▼

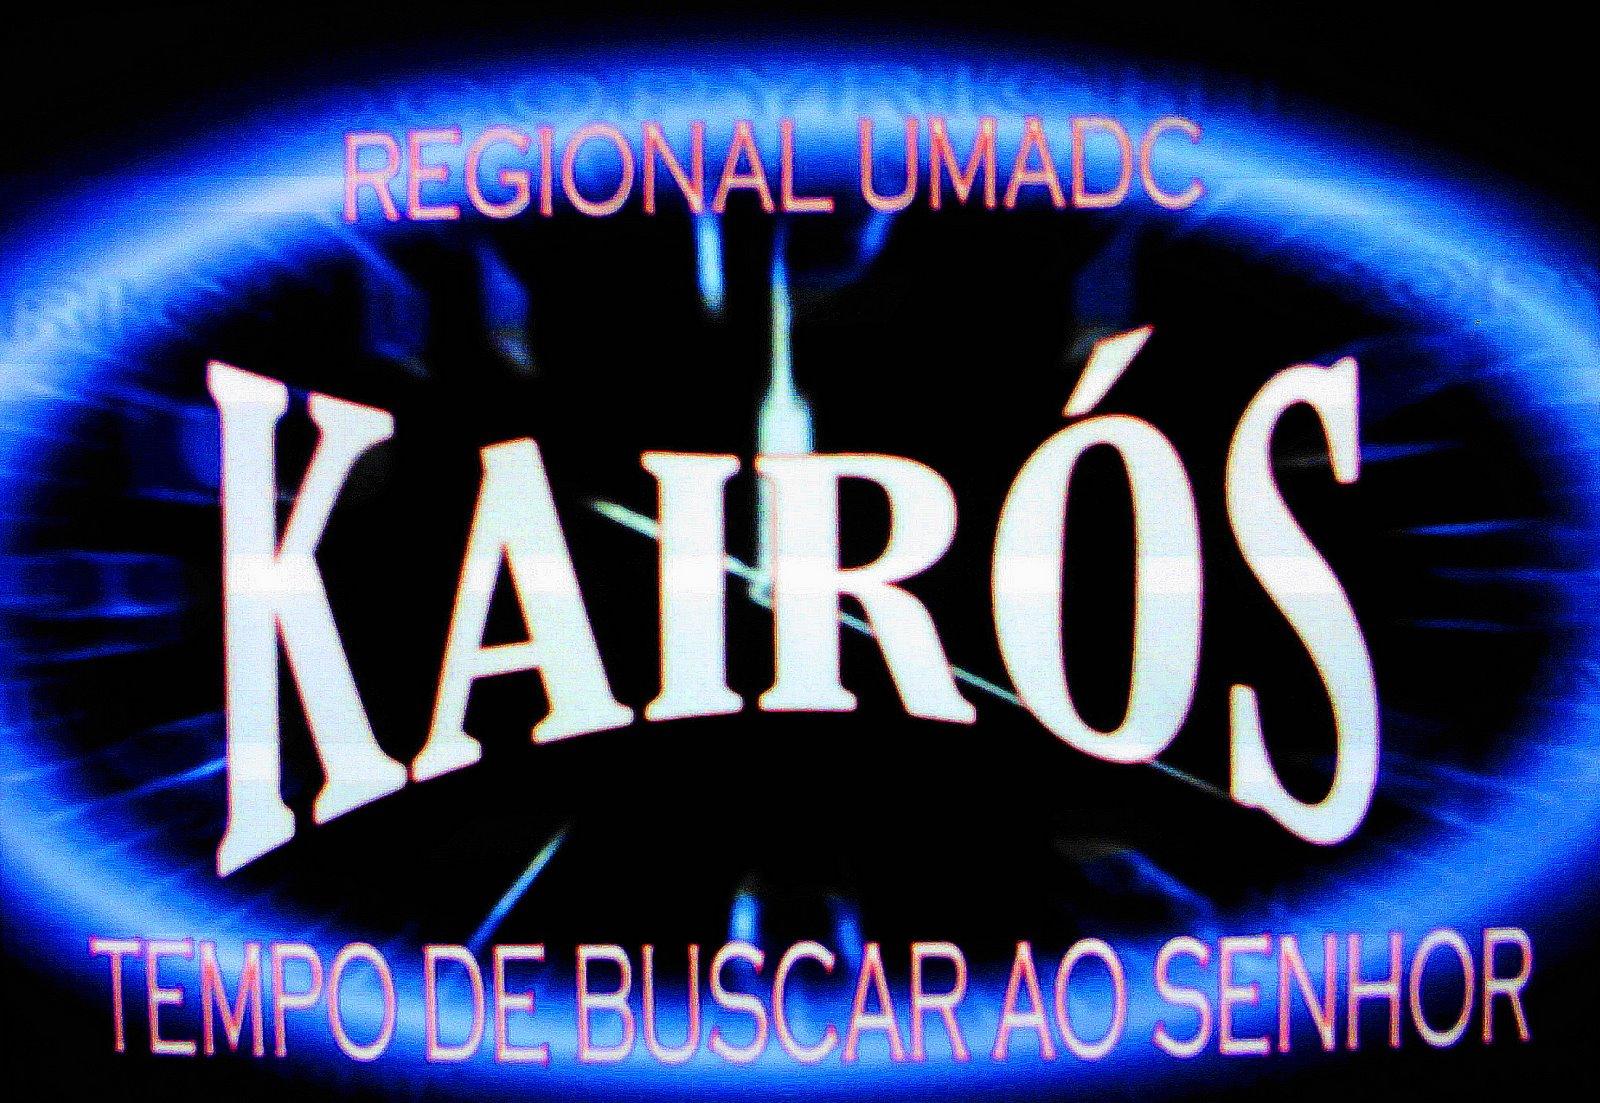 REGIONAL UMADC KAIRÓS
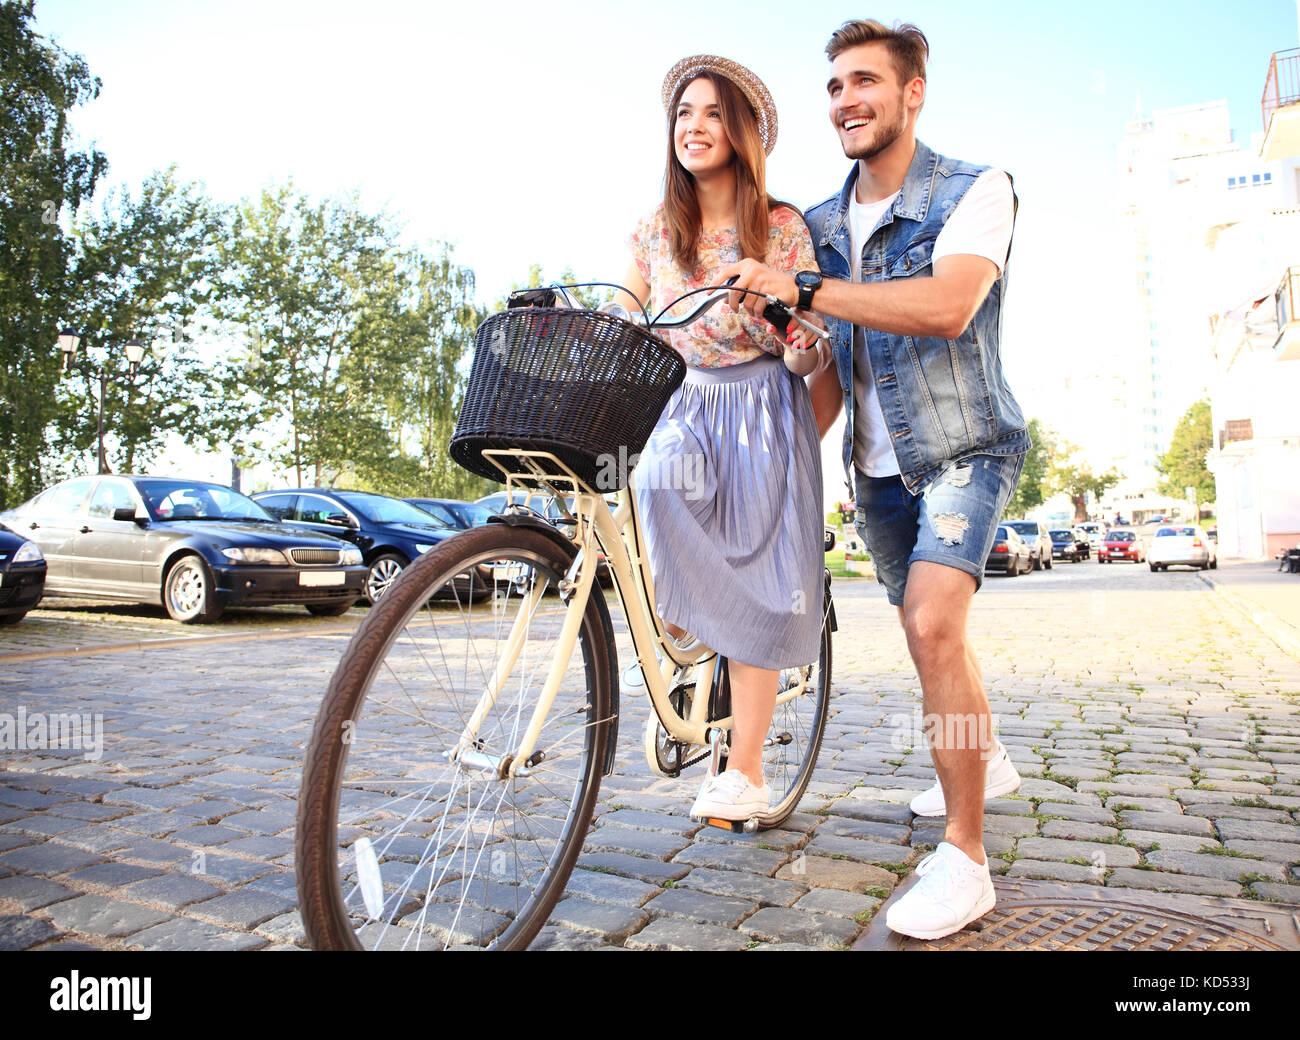 Felice coppia giovane di andare per un giro in bici su un giorno di estate in città.si stanno divertendo insieme. Immagini Stock
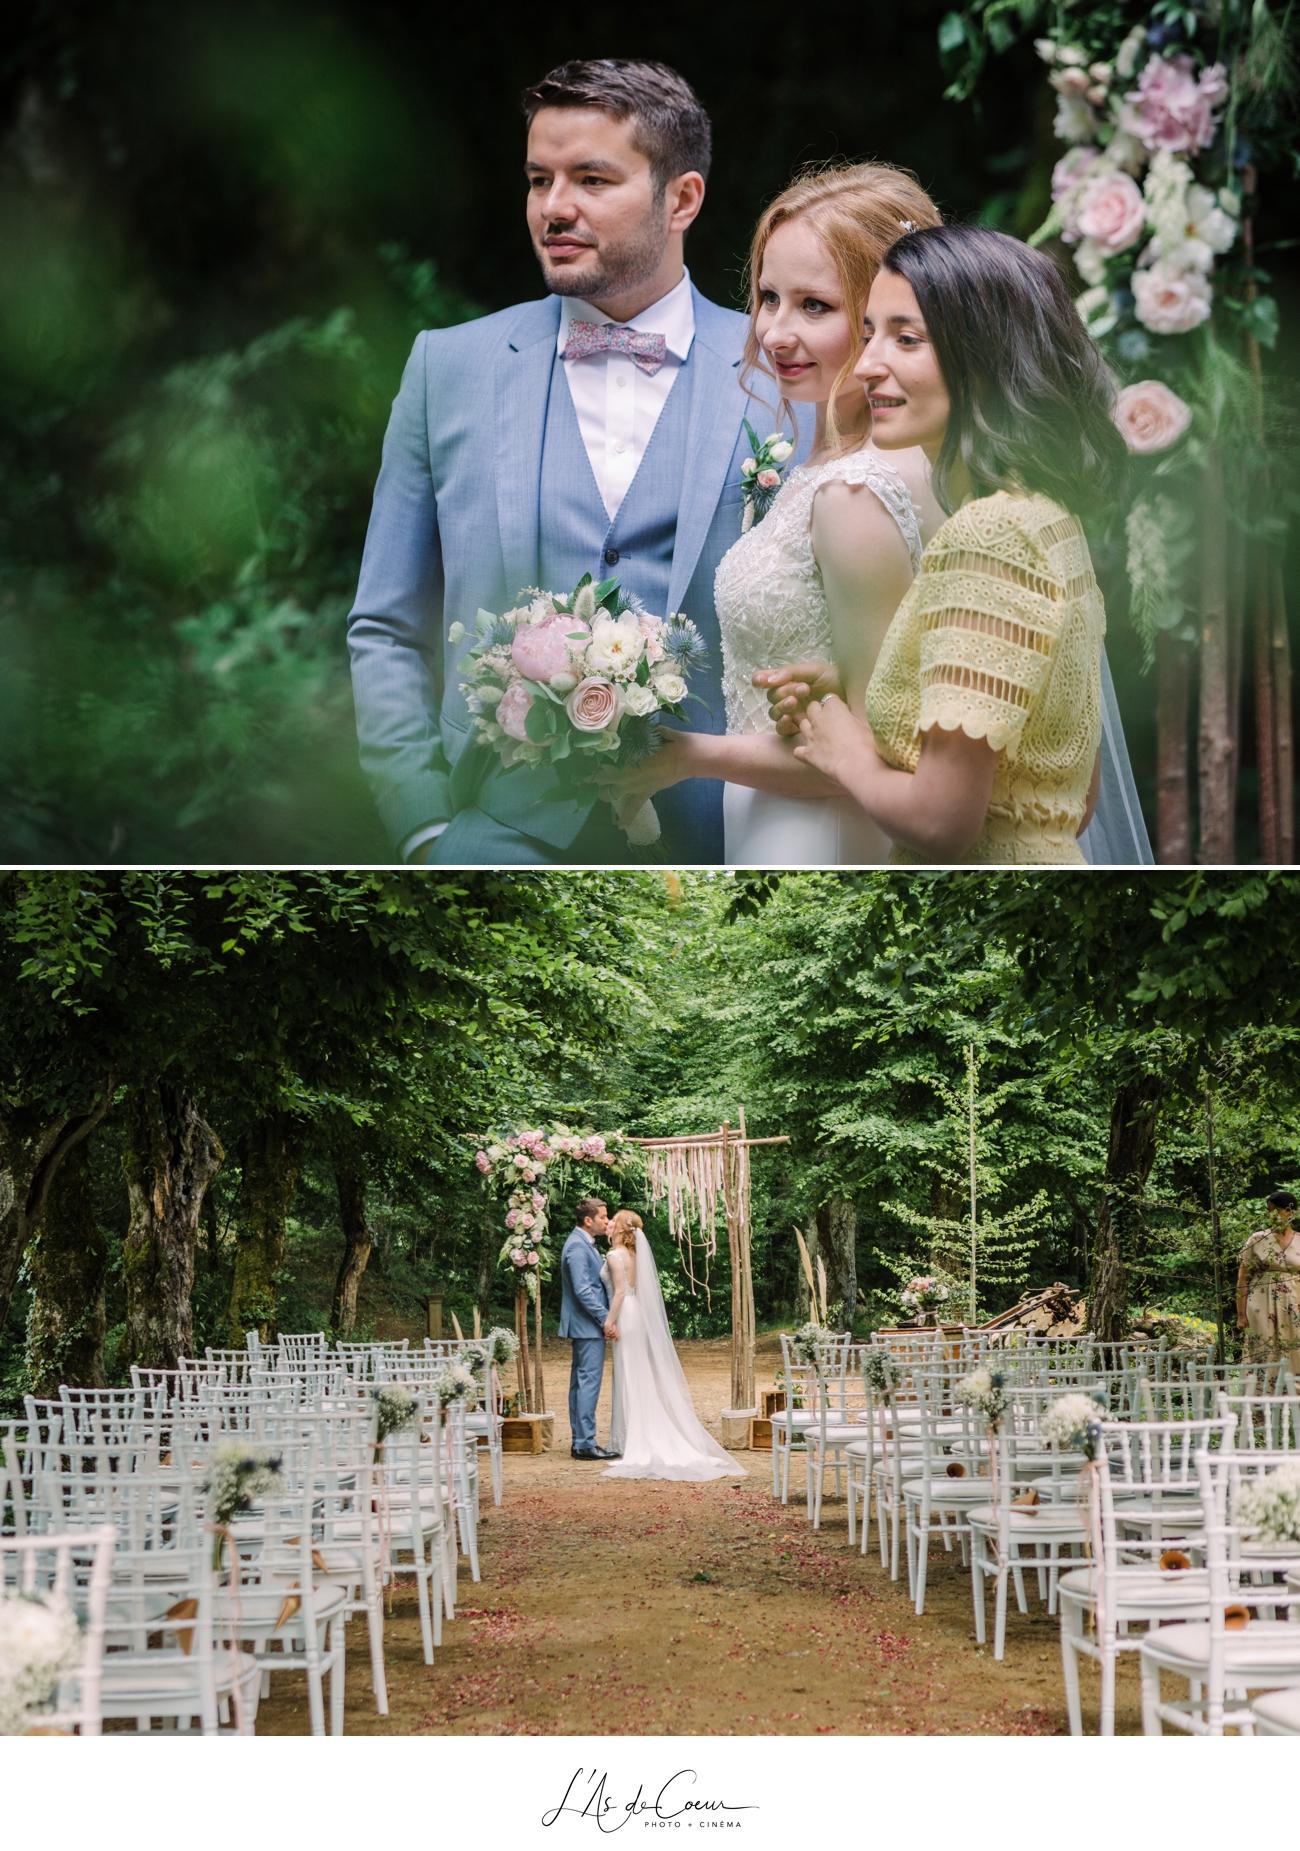 Photographe mariage bohème Lyon

▲

WORK REQUIRED -
Restate the full listing word for word, excluding images.

SOLUTION BELOW -
 REGIONAL UMADC KAIRÓS
 Felice coppia giovane di andare per un giro in bici su un giorno di estate in città.si stanno divertendo insieme. Immagini Stock
 Photographe mariage bohème Lyon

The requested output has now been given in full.